Elisabeth Hasselbeck

Elisabeth Hasselbeck: Surviving Gluten-free

From being a participant on Survivor to co-hosting The View to authoring two books and creating the NoGii food line, Elisabeth Hasselbeck – a well-known figure in the gluten-free community – is a force to be reckoned with. For many of us, her story is a familiar one of long awaited diagnosis and the empowerment that came with finally finding out the source of her pain and health issues.

Years before we watched her on Survivor, Elisabeth Hasselbeck was an ambitious college student in her early twenties, captaining the softball team at Boston College while studying fine art. It was during her time at Boston College where she first came face to face with symptoms of celiac disease.

During a trip to Belize in her sophomore year of college, she contracted a bacterial intestinal infection. After that, nothing seemed to be the same. Many foods were no longer appetizing. She began getting debilitating stomach aches and constantly felt hungry. Doctors tried to diagnose her with nearly every illness in the book, except the right one. She was told it was IBS, prescribed multiple medications, underwent a sigmoidoscopy, and was even given anti-anxiety medication because one of the side effects was numbing of the stomach lining.
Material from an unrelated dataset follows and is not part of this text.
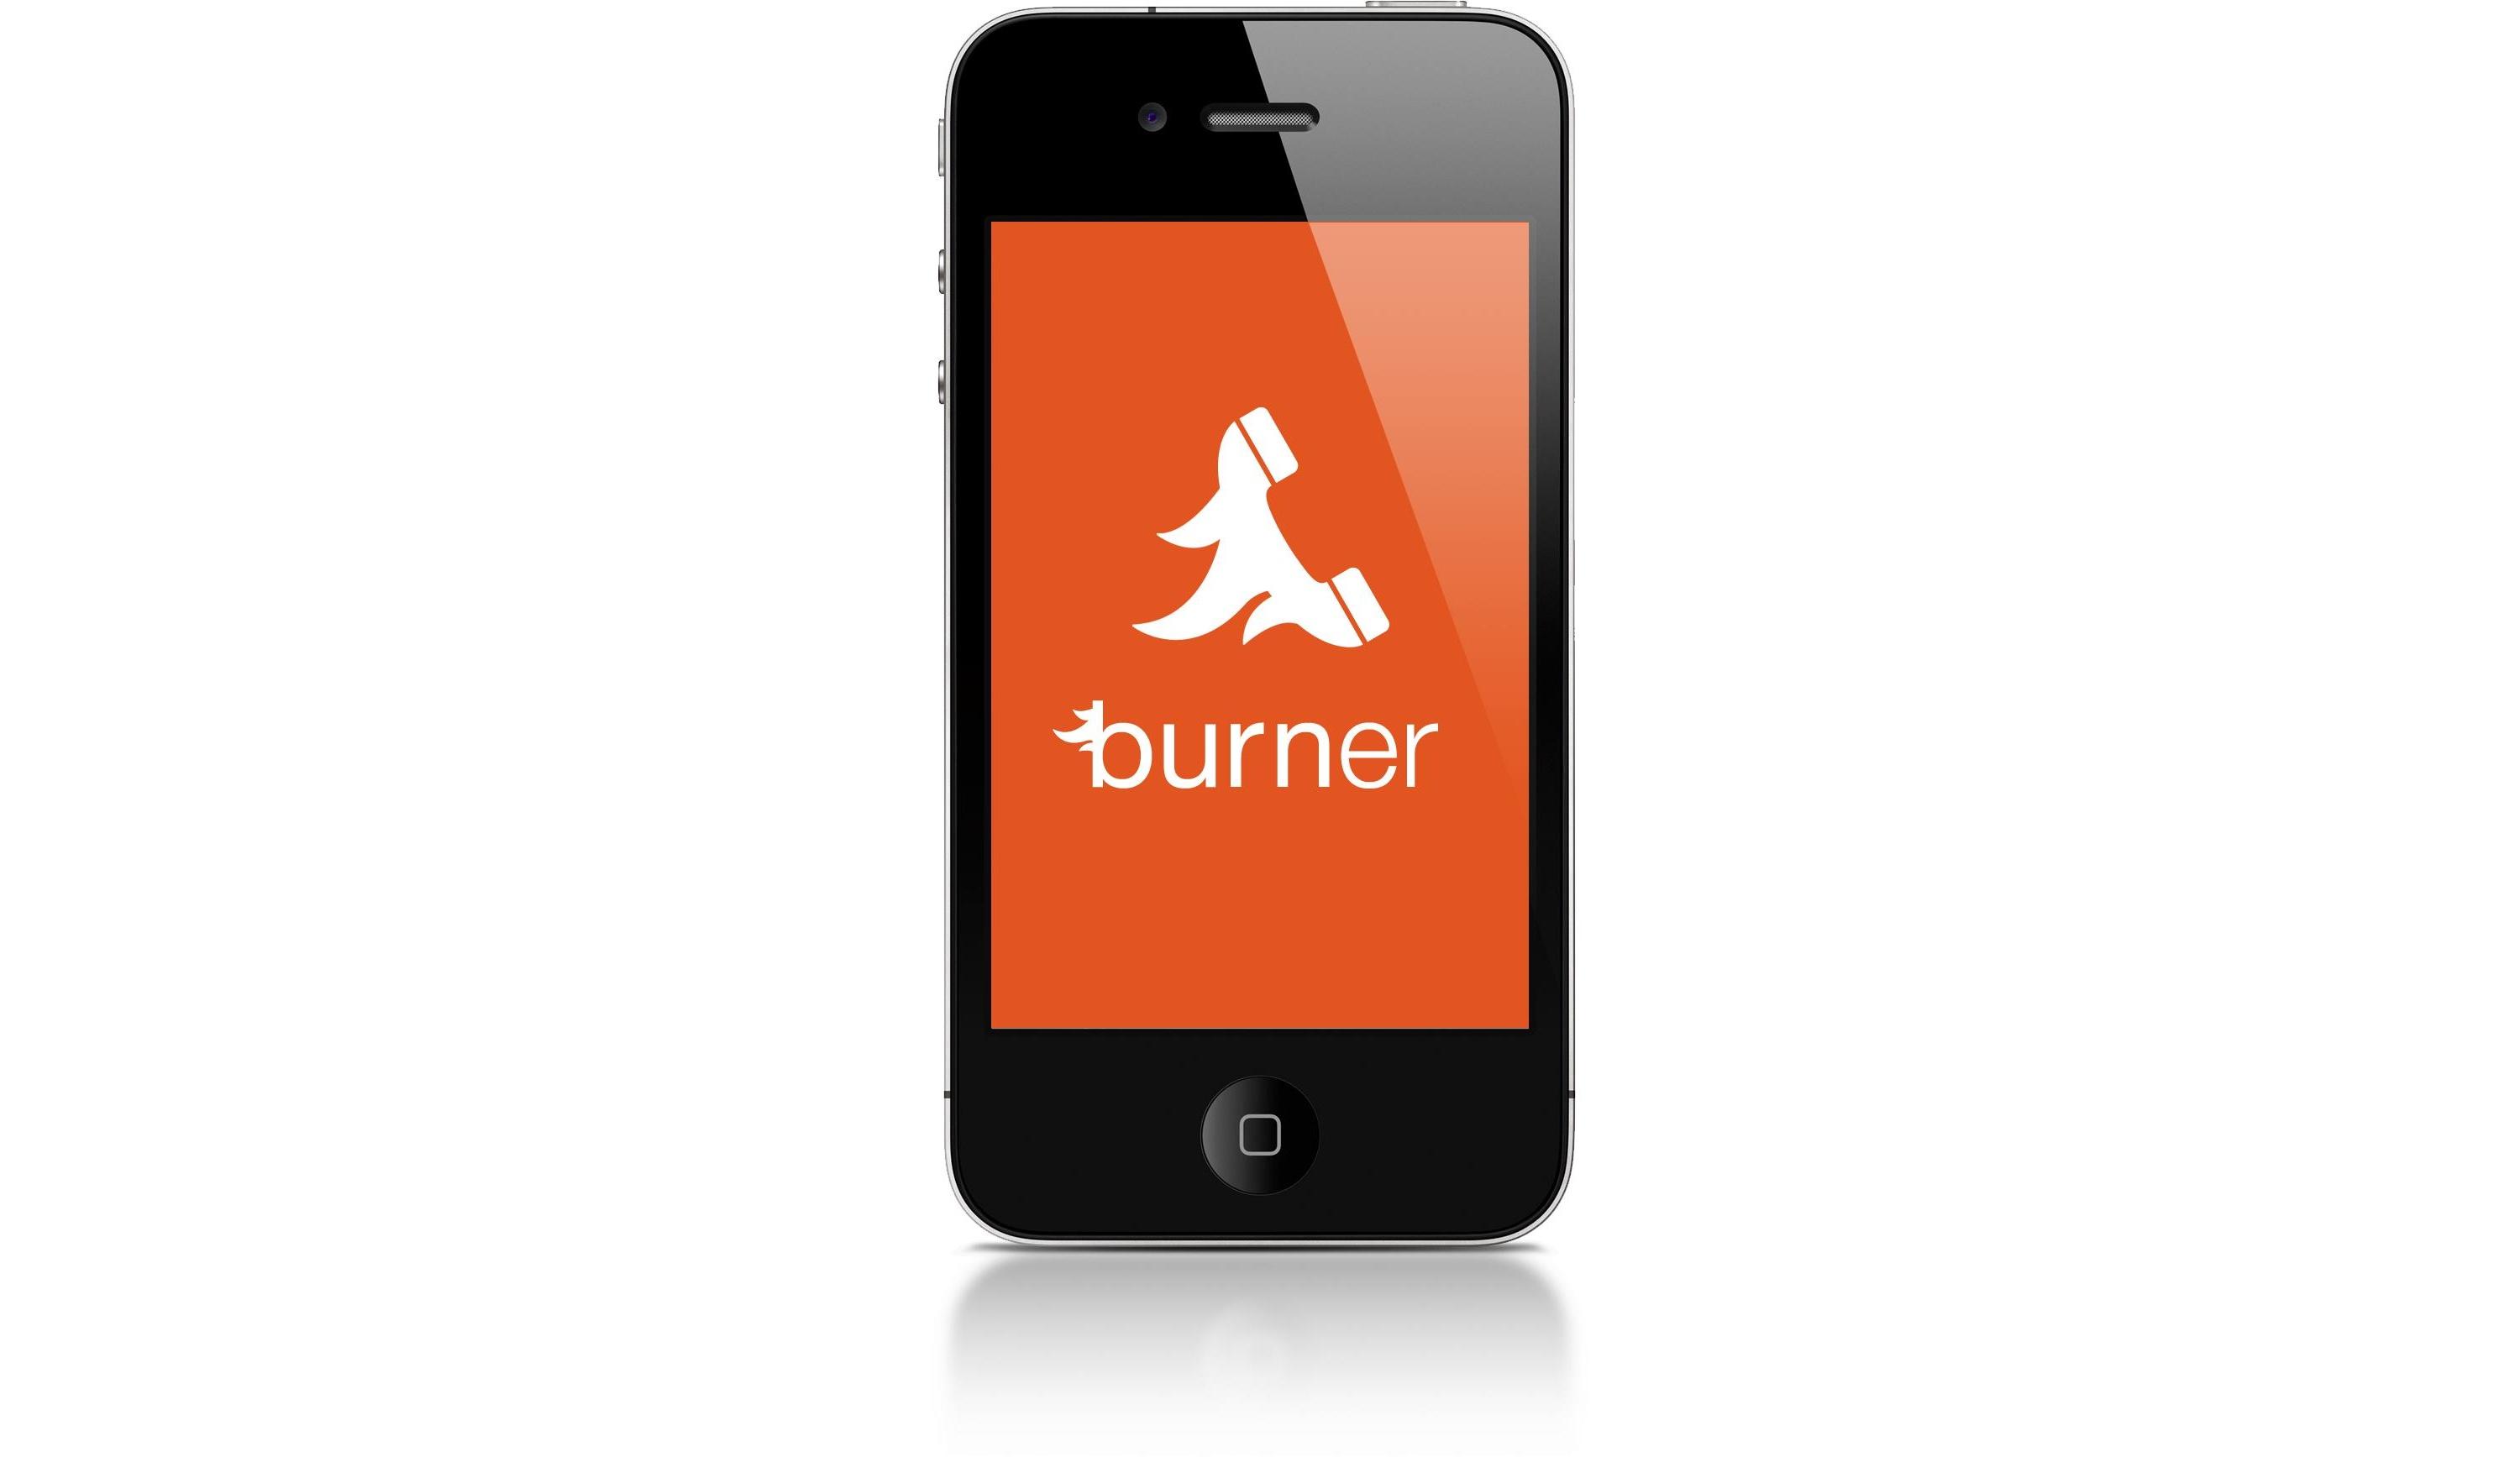 Burner App

“A lot of it was just covering up the issue and I just literally wanted to get to what was wrong,” Hasselbeck said. “Overall my health was just truly evaporating. I felt that I was the oxymoron of health.”

Despite her illness, she continued to participate in sports. “I felt as though my activities were almost counterproductive,” she said. “I didn’t feel like my body had the basis to really support training for anything significantly athletic.”
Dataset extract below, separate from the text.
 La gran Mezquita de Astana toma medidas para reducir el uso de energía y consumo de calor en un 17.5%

But even after college, Hasselbeck persevered in athletics and decided to apply for Survivor: The Australian Outback. She managed to pass the physical exam, though inside she was cringing with stomach pain during the process. It was in Australia where she began to feel better than she had in years. “I felt better there in a situation that was so strenuous and stressful and really just difficult,” she said. “My body felt truly cleansed of whatever was making it sick.”
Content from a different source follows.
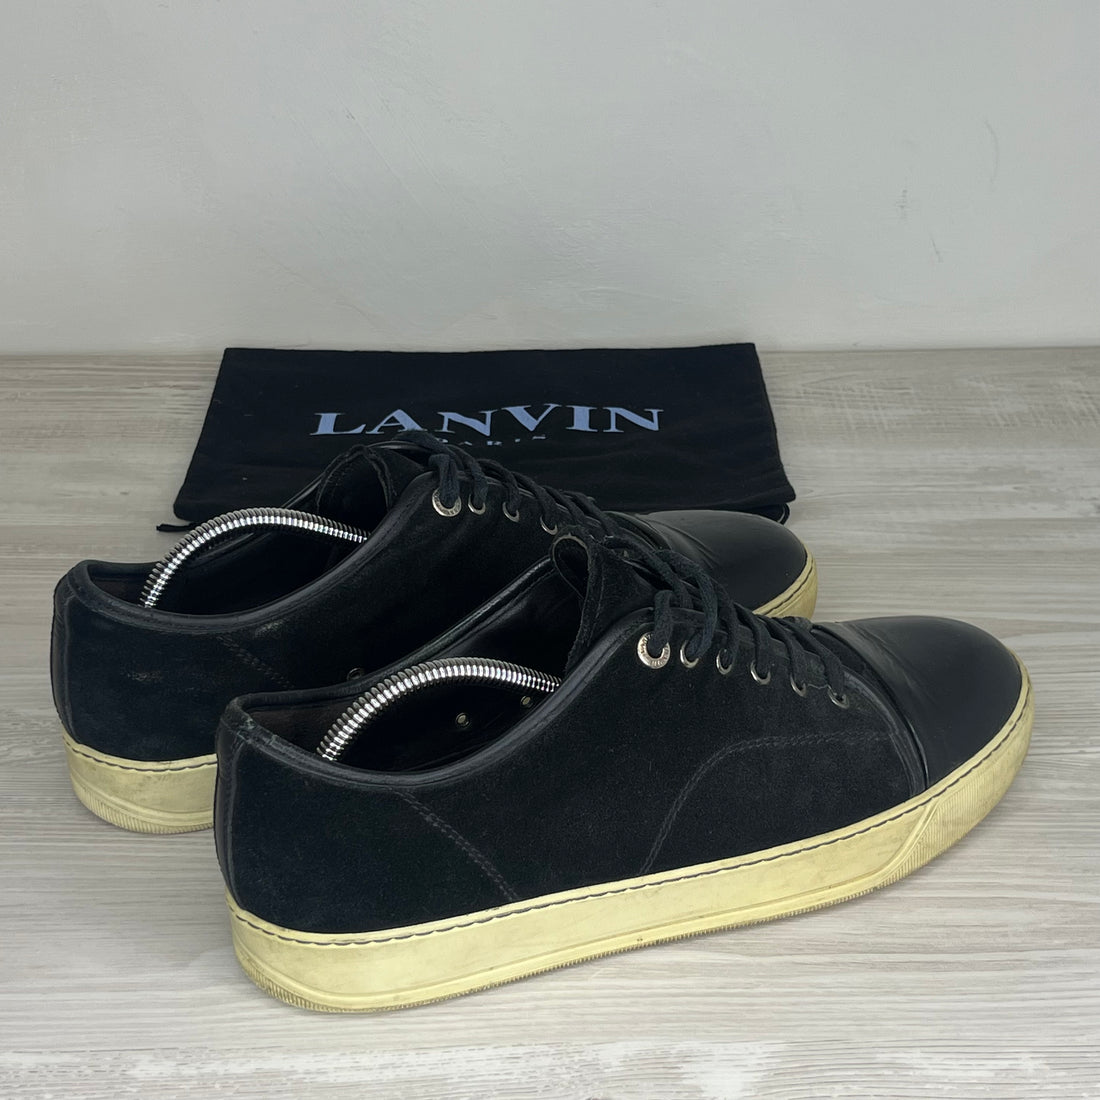 Lanvin Sneakers, Herre &

Hasselbeck did not realize at the time which food was responsible for her pain, but she confirmed that it was diet related. Through trial and error of adding different foods back into her diet one by one, she learned that the problem was wheat. She later realized it was not just wheat, but all forms of gluten.

After she self-diagnosed herself with celiac disease, she found a doctor who confirmed it with a blood test. “When I found that out I thought, ‘Oh gosh, I just lost 10 years of my life not knowing,’” Hasselbeck said. “It took close to a decade in total and unfortunately that’s a long time for your body to be fighting itself.”

Hasselbeck’s story is not uncommon. The average time it takes from the onset of symptoms for a person to be diagnosed with celiac disease is 4 to 10 years. Like others who finally find out the source of their health issues, she felt compelled to share her story and raise awareness.

“I came back with a full revelation of what was at the root of my pain and discomfort and unhealthiness and [it was] really a revolution I wanted to start. That’s where The G-Free Diet came in and I started telling my story,” she said. Hasselbeck became very active in the gluten-free community, authoring The G-Free Diet, Deliciously G-Free, and launching NoGii bars, her own line of gluten-free bars.

Aside from her product line and books, Hasselbeck is busy being a wife and mother of three as well as the newest co-host of Fox and Friends. And of course, maintaining a gluten-free diet with a hectic life in the spotlight can sometimes be a challenge.

“I get glutened all the time,” Hasselbeck said. “I try to be so mindful but no one is 100% wheat proof. It’s going to happen but do whatever you can to make the friend and make the restaurant and make your family as aware as possible.”

The best way to help prevent getting glutened, Hasselbeck suggests, is to plan ahead. Though meal planning isn’t always easy or enjoyable, she feels it’s best to make sure you’re stocked on pantry items to use in a pinch when hunger strikes. One of Hasselbeck’s top items to have on hand are gluten-free bread crumbs to make chicken cutlets. This dish became one of her go-to favorites after learning how to recreate it gluten-free. Other favorites include her family’s Italian recipes for meatballs, lasagna, and baked ziti.

“I was sort of wounded from that food so it took me a while to actually want it again and to get the courage to tackle it in a gluten-free way,” she said. “It’s my personal favorite because of all the memories that are attached to it and I know the love that went into it. I hope one day to be that mom sitting at the head of the table watching all her grandkids eat it.”

Hasselbeck’s family enjoys both gluten-free and gluten-filled foods. “We have a hybrid pantry. I don’t force it on everybody unnecessarily but we’ve made the transition where it’s maybe 75% gluten-free,” she said.

If it was her last meal on earth, Hasselbeck said, she would have no desire to have gluten. “I would rather not have my last meal on earth and go out gluten-free,” she said. “I think truly my last meal would be more about the people who are with me than what I’d be eating.”